TO DO — Take the line that contains "Année : vers 1980" and all lines after it, up to and including the last line of the data, and write them out exactly; nothing else belongs in the answer.

--*--

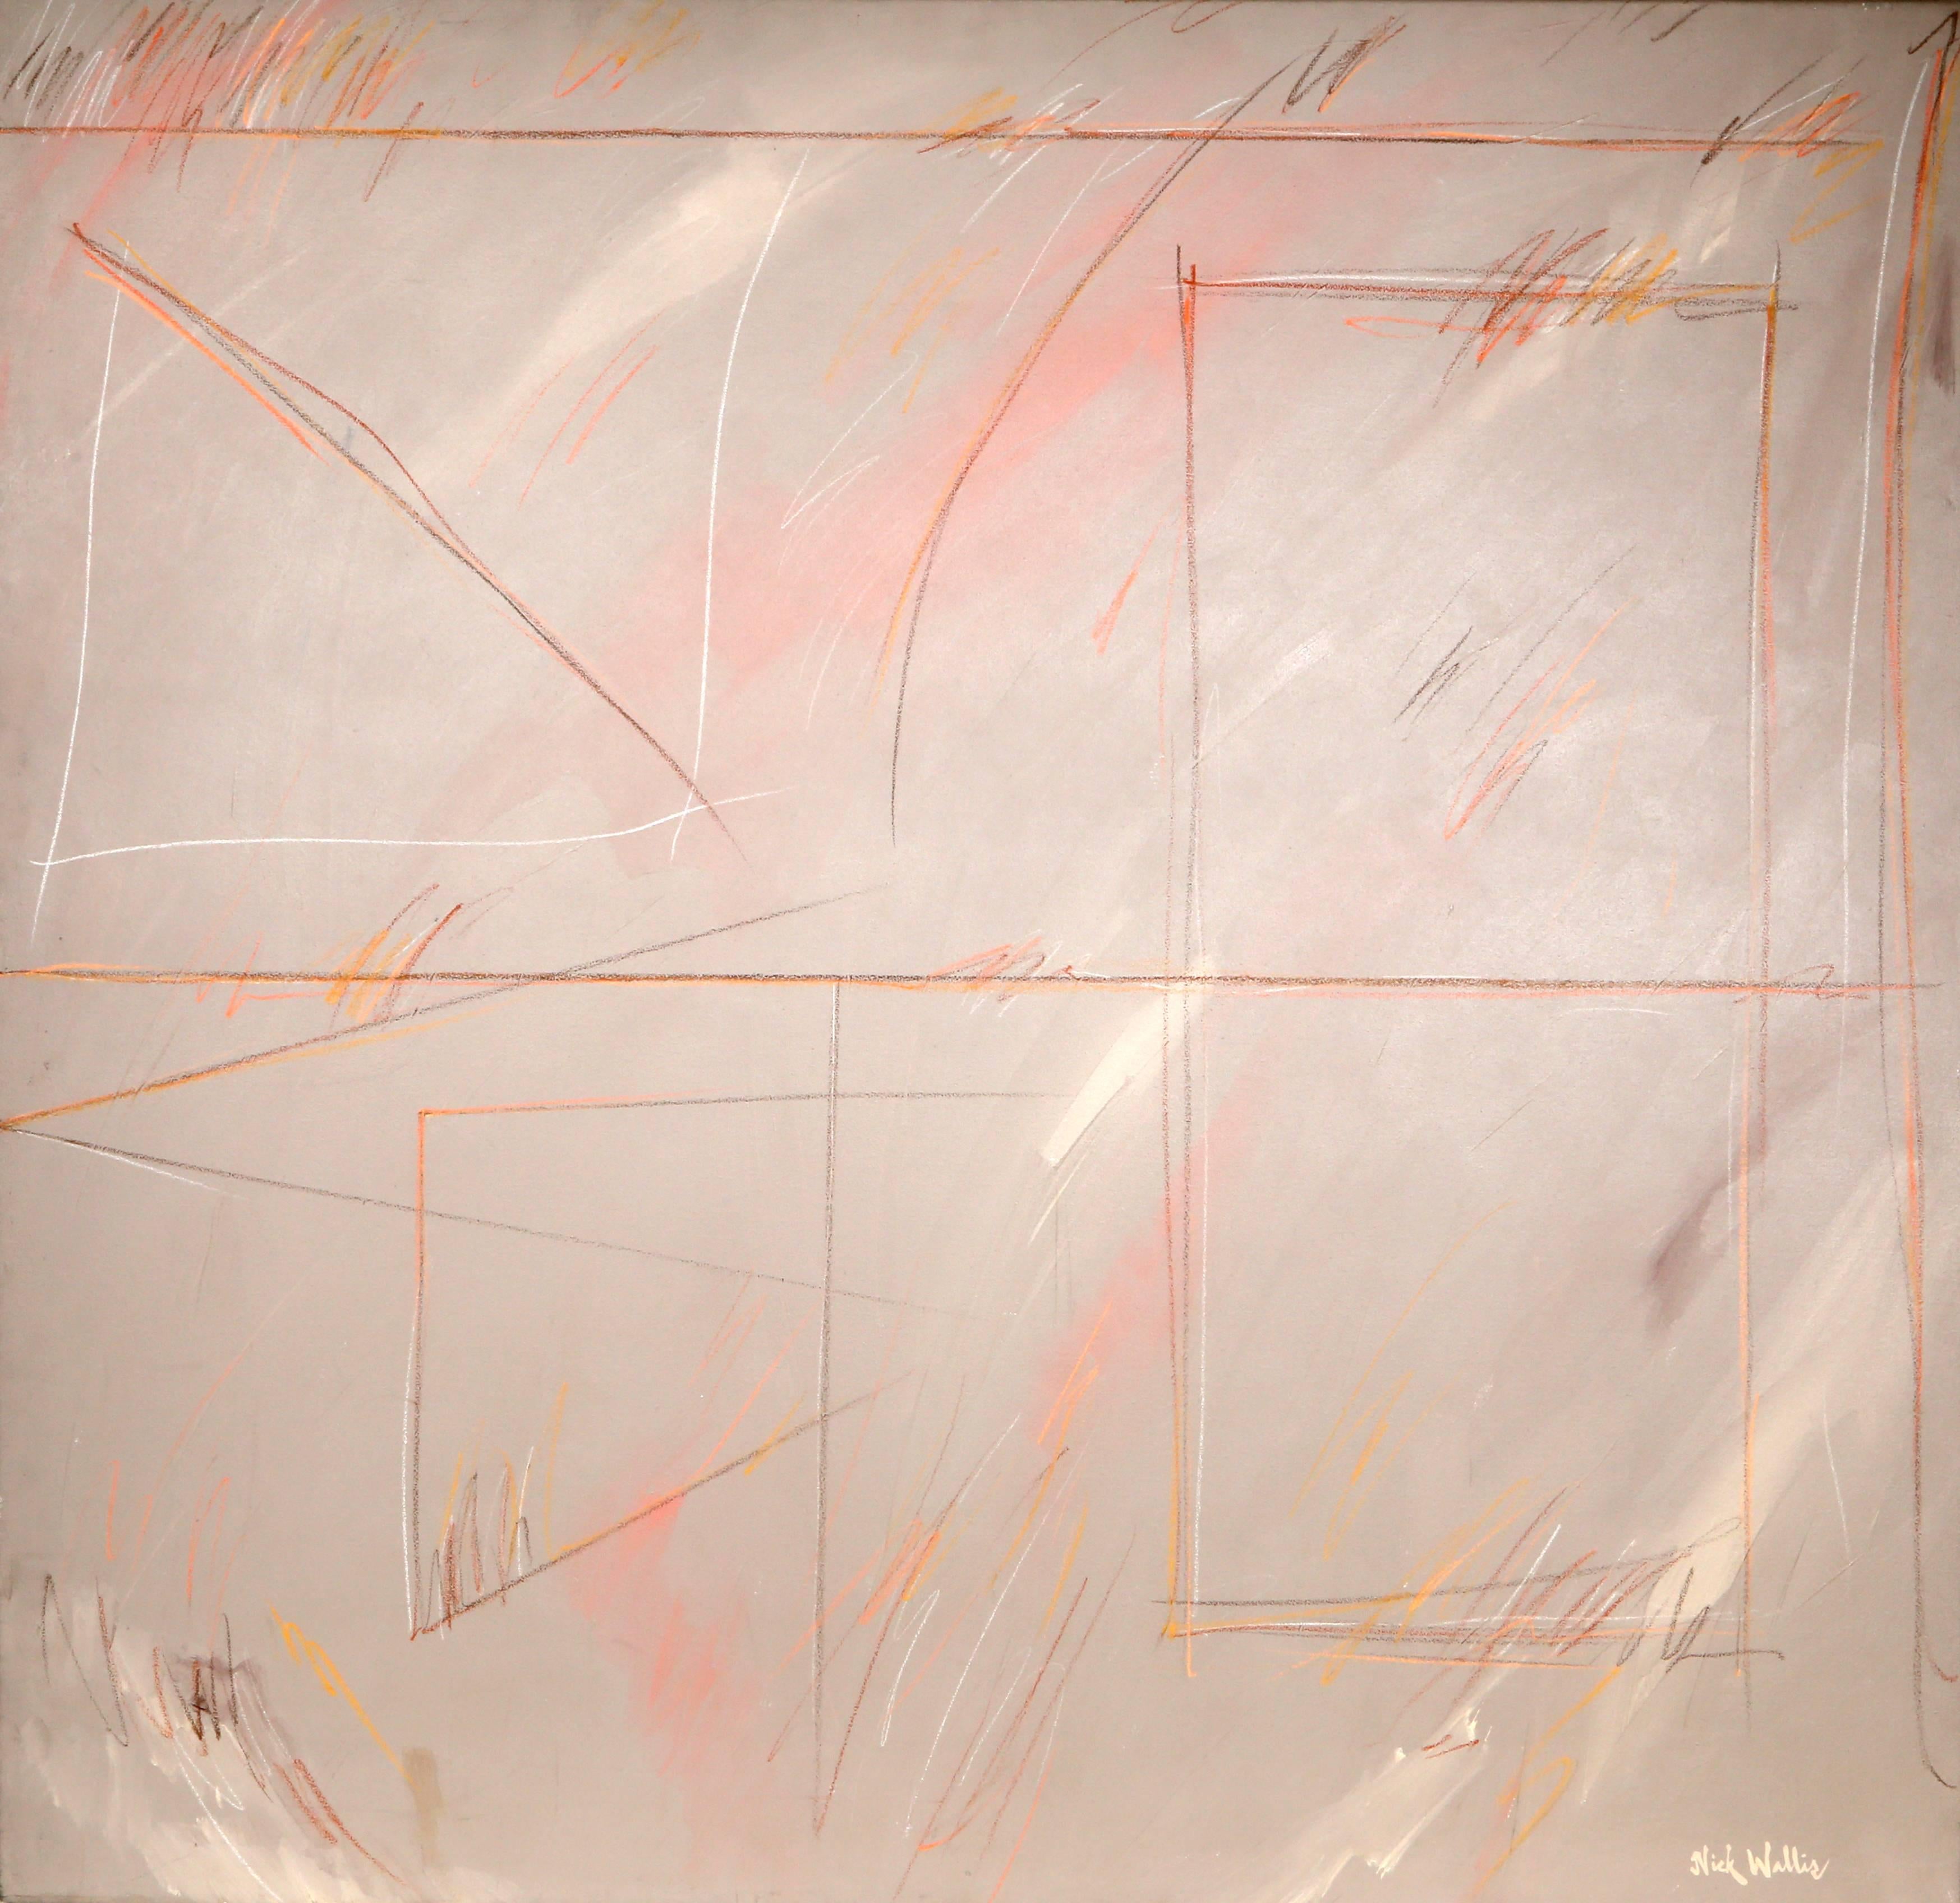 Artiste : Nick Wallis
Titre : Plus de pensées après coup 4
Année : vers 1980
Moyen : Acrylique sur toile, signé
Taille : 60 x 60 pouces (152,4 x 152,4 cm)

--*--

EXERCISE RESPONSE —
Année : vers 1980
Moyen : Acrylique sur toile, signé
Taille : 60 x 60 pouces (152,4 x 152,4 cm)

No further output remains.